Dear Megan with the lazy eyes,
I’m just sorry I’ve been such a terrible girlfriend over the months. I think I’ve probably bought you more headaches than happiness. I’m sorry I behaved so badly around your friends, embarrassed you, tainted days and weeks and our whole relationship by doing so many stupid things that I should have known not to do. You deserve better than to be with an idiot like me.
Dear Megan the patient listener,
You listened so often to my ranting, and I’m sorry I couldn’t write you the story you wanted me to write, I tried so many times to sit down and do it, but nothing was good enough, too clichéd, too boring, too obvious. Scripts aren’t good presents and stories about knights come out sounding like children’s books. So I decided to write you this letter instead, I spent my whole relationship rambling, why stop now?
I am writing a story for you now though Megan, as melodramatic and ridiculous as only the writings of a self-obsessed film-geek can be. Keep in contact, when it’s done, I’ll send it to you. I hope I’ve shown you what inspires me, I hope I can tell you. All those films we watched, Oldboy, Angels in America. The South bank, the NFT. One day I’ll be a better writer Megan, maybe then I’ll be able to give you your knight.
I hope you remember all the good times we had and not all the times I let you down. I know I’ll always think back on this year and remember all the fun we had. All those memories, Fuerzabruta, Konditor and Cook, borough market, the South bank, DarrallMacqueen, massage oil, hot baths together.

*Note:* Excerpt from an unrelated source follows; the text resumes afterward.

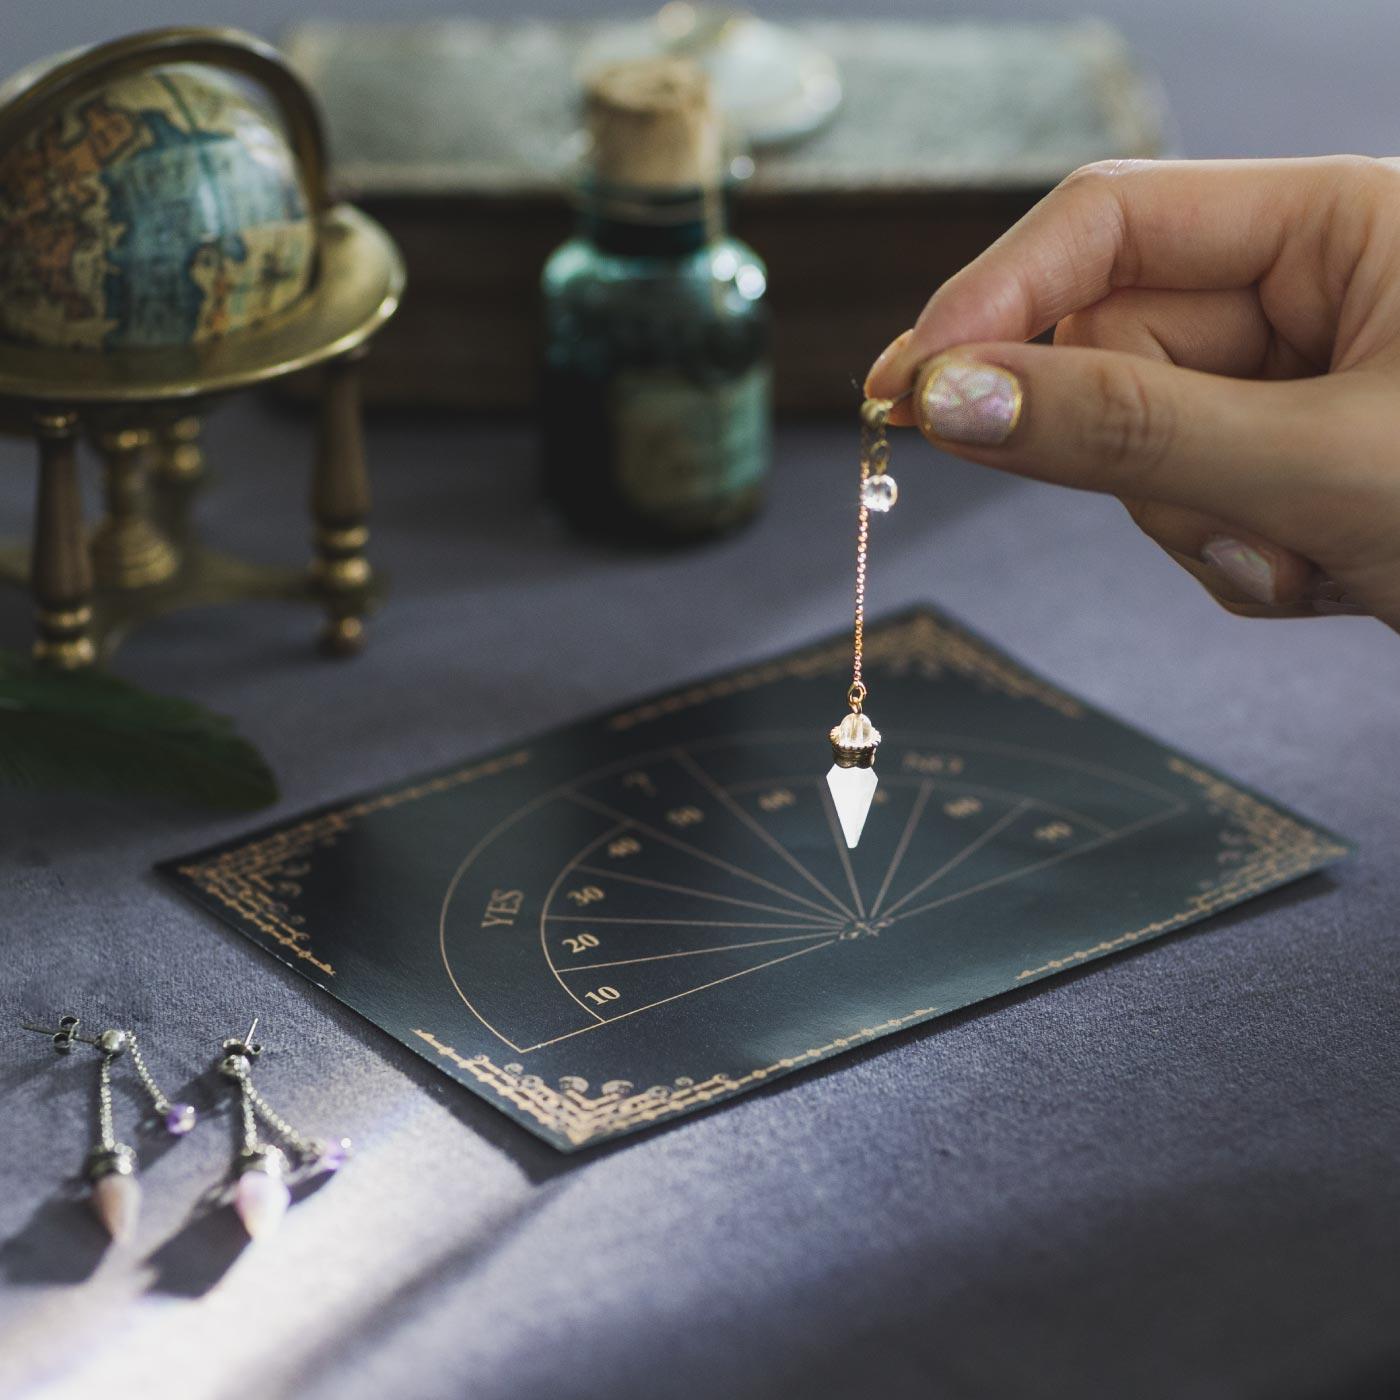 魔法部|魔法部運命切り開く 占いペンデュラムイヤアクセ〈クリスタル〉(ピアス&イヤリング)|運命を占うイヤアクセです。

I once told you that true beauty only existed on celluloid. Do you remember? Hung over from speed and feeling emotional I decided to punish your good deed by ranting cynical bullshit at you while you tried to look after me. But I was wrong, there were girls before you, but they didn’t mean anything, all they did was make me cynical and bitter about people. What we had meant so much to me Megan, for me the memories are like a film. Hazy love scenes, druggy and slurred, I won’t remember all the time we argued, I hope you don’t either. If you remember one thing, just remember those warm summer nights, walking back to your flat together.
We’re starting new chapters in our life now, and I’m sad that I can’t be there to write it with you. But I’m excited for you, I look forward to seeing who greets me at the door at your new flat in Belsize park.
“Nothing's lost forever. In this world, there's a kind of painful progress. Longing for what we've left behind, and dreaming ahead. At least I think that's so.”